As Irv, a uniquely undesirable Bale is a laugh every minute. We enter this world through him — a world of accessible lies, of rough-and-tumble New York streets, of Long Island parties, of Duke Ellington, of hairpieces, of dry cleaners, of only conning the men you can stomach the idea of laying to waste — and have a terrific time walking in his footsteps. Always just out of reach is Adams as Sydney, who cons herself just as often as she does Richie, Irv, and the poor saps who fall for her seductive act. Bale and Adams are the standouts of the cast — playing their hearts on their sleeves and tucked away tightly, respectively — so it's good fortune that most of our time is spent with one or the other.
The power players from director David O. Russell's last effort, Cooper and Lawrence, shine a bit dimmer here — Cooper plays Richie as petulant, misguided, and teetering on the edge, but he's undercooked beside the far meatier material presented by Bale and Adams. Lawrence, while not without her moments, never seems to commit altogether to the loon that is Rosalyn, alternating between too reserved and too outlandish to really make the character feel like somebody. But the biggest surprise of the lot might be Renner, who has more fun as his Jersey boy Carmine than he ever has onscreen. But in earnest, some credit goes to the hair.

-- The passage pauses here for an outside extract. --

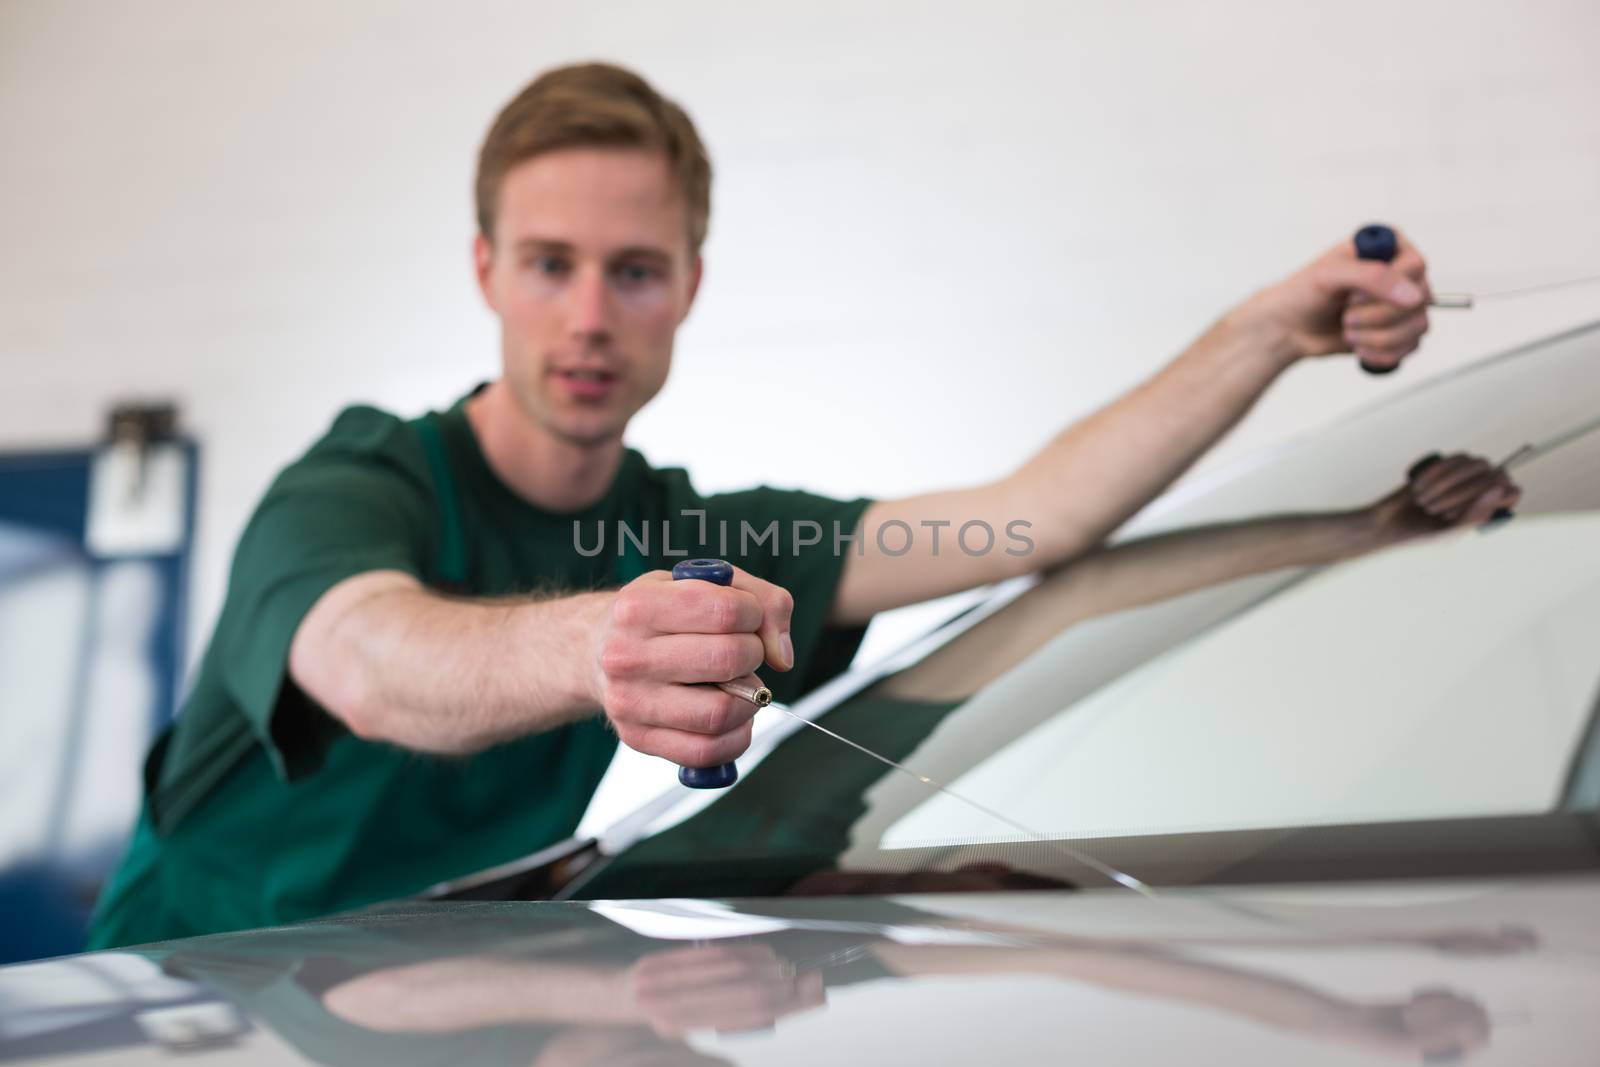 Glazier removing windshield by ikonoklast_fotografie

It's the electricity of American Hustle that keeps its long narrative from dragging. We have fun with the characters, the performances, and the colorful world itself. The movie never insists that we feel anything beyond that, but offers a few bites of some authentic empathy for Irv and his kind nonetheless. So we can dip into the bustling character work that Bale and Adams are mastering, Cooper is handling, and Lawrence is just falling shy of delivering on, but we're free to latch onto the life preserver of this movie's output of comedy. There's so much to laugh at in American Hustle, and some wonderfully molded characters to do all your laughing with.